Anatoliy stepped out, too, his pistol in his hand and his coat
open, looking back through the gate with suddenly anxious eyes. His
head turned quickly.

"Get him inside!" And with that order, the two privates
strong-armed Golovko through the double bronze doors, where more
security troops were arriving.

"This way, Comrade Chairman," a uniformed captain said, taking
Sergey Nikolay'ch's arm and heading off to the executive elevator.
A minute later, he stumbled into his office, his brain only now
catching up with what it had seen just three minutes before.
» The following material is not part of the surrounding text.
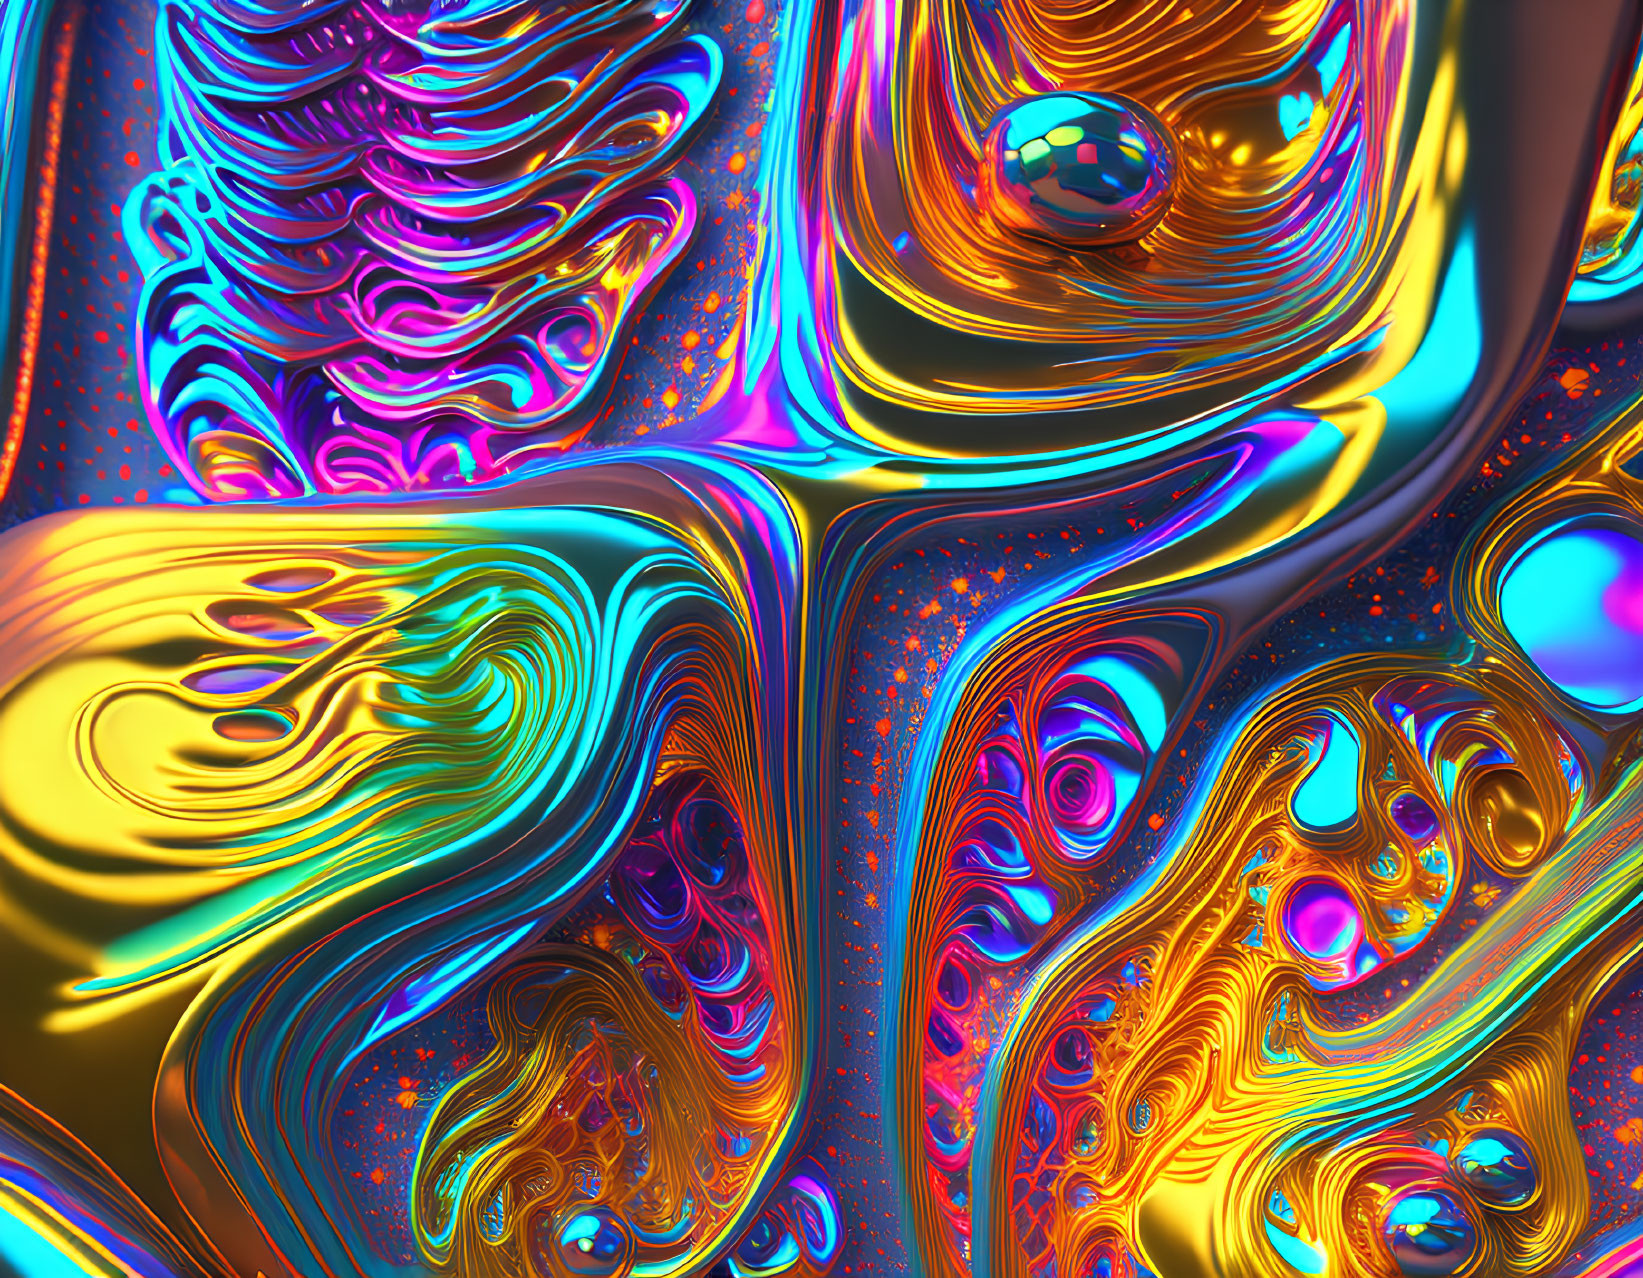 Abstract digital art with vibrant swirling patterns and metallic sheen

Of
course, he walked to the window to look down.

Moscow police-called militiamen-were racing to the scene, three of
them on foot. Then a police car appeared, cutting through the
stopped traffic. Three motorists had left their vehicles and
approached the burning car, perhaps hoping to render assistance.
Brave of them, Golovko thought, but an entirely useless effort. He
could see better now, even at a distance of three hundred meters.
The top had bulged up. The windshield was gone, and he looked into
a smoking hole, which had minutes before been a hugely expensive
vehicle, and which had been destroyed by one of the cheapest
weapons the Red Army had ever mass-produced. Whoever had been
inside had been shredded instantly by metal fragments traveling at
nearly ten thousand meters per second. Had they even known what had
happened? Probably not. Perhaps the driver had had time to look and
wonder, but the owner of the car in the back had probably been
reading his morning paper, before his life had ended without
warning.

That was when Golovko's knees went weak. That could have been him .
. . suddenly learning if there were an afterlife after all, one of
the great mysteries of life, but not one which had occupied his
thoughts very often . . .

But whoever had done the killing, who had been his target? As
Chairman of the SVR, Golovko was not a man to believe in
coincidences, and there were not all that many white Benz S600s in
Moscow, were there?

"Comrade Chairman?" It was Anatoliy at the office door.

"Yes, Anatoliy Ivan'ch?"

"Are you well?"

"Better than he," Golovko replied, stepping away from the window.
He needed to sit now. He tried to move to his swivel chair without
staggering, for his legs were suddenly weak indeed. He sat and
found the surface of his desk with both his hands, and looked down
at the oaken surface with its piles of papers to be read-the
routine sight of a day which was not now routine at all. He looked
up.

Anatoliy Ivan'ch Shelepin was not a man to show fear. He'd served
in Spetsnaz through his captaincy, before being spotted by a KGB
talent scout for a place in the 8th "Guards" Directorate, which
he'd accepted just in time for KGB to be broken apart. But Anatoliy
had been Golovko's driver and bodyguard for years now, part of his
official family, like an elder son, and Shelepin was devoted to his
boss. He was a tall, bright man of thirty-three years, with blond
hair and blue eyes that were now far larger than usual, because
though Anatoliy had trained for much of his life to deal with and
in violence, this was the first time he'd actually been there to
see it when it happened. Anatoliy had often wondered what it might
be like to take a life, but never once in his career had he
contemplated losing his own, certainly not to an ambush, and most
certainly not to an ambush within shouting distance of his place of
work. At his desk outside Golovko's office, he acted like a
personal secretary more than anything else. Like all such men, he'd
grown casual in the routine of protecting someone whom no one would
dare attack, but now his comfortable world had been sundered as
completely and surely as that of his boss.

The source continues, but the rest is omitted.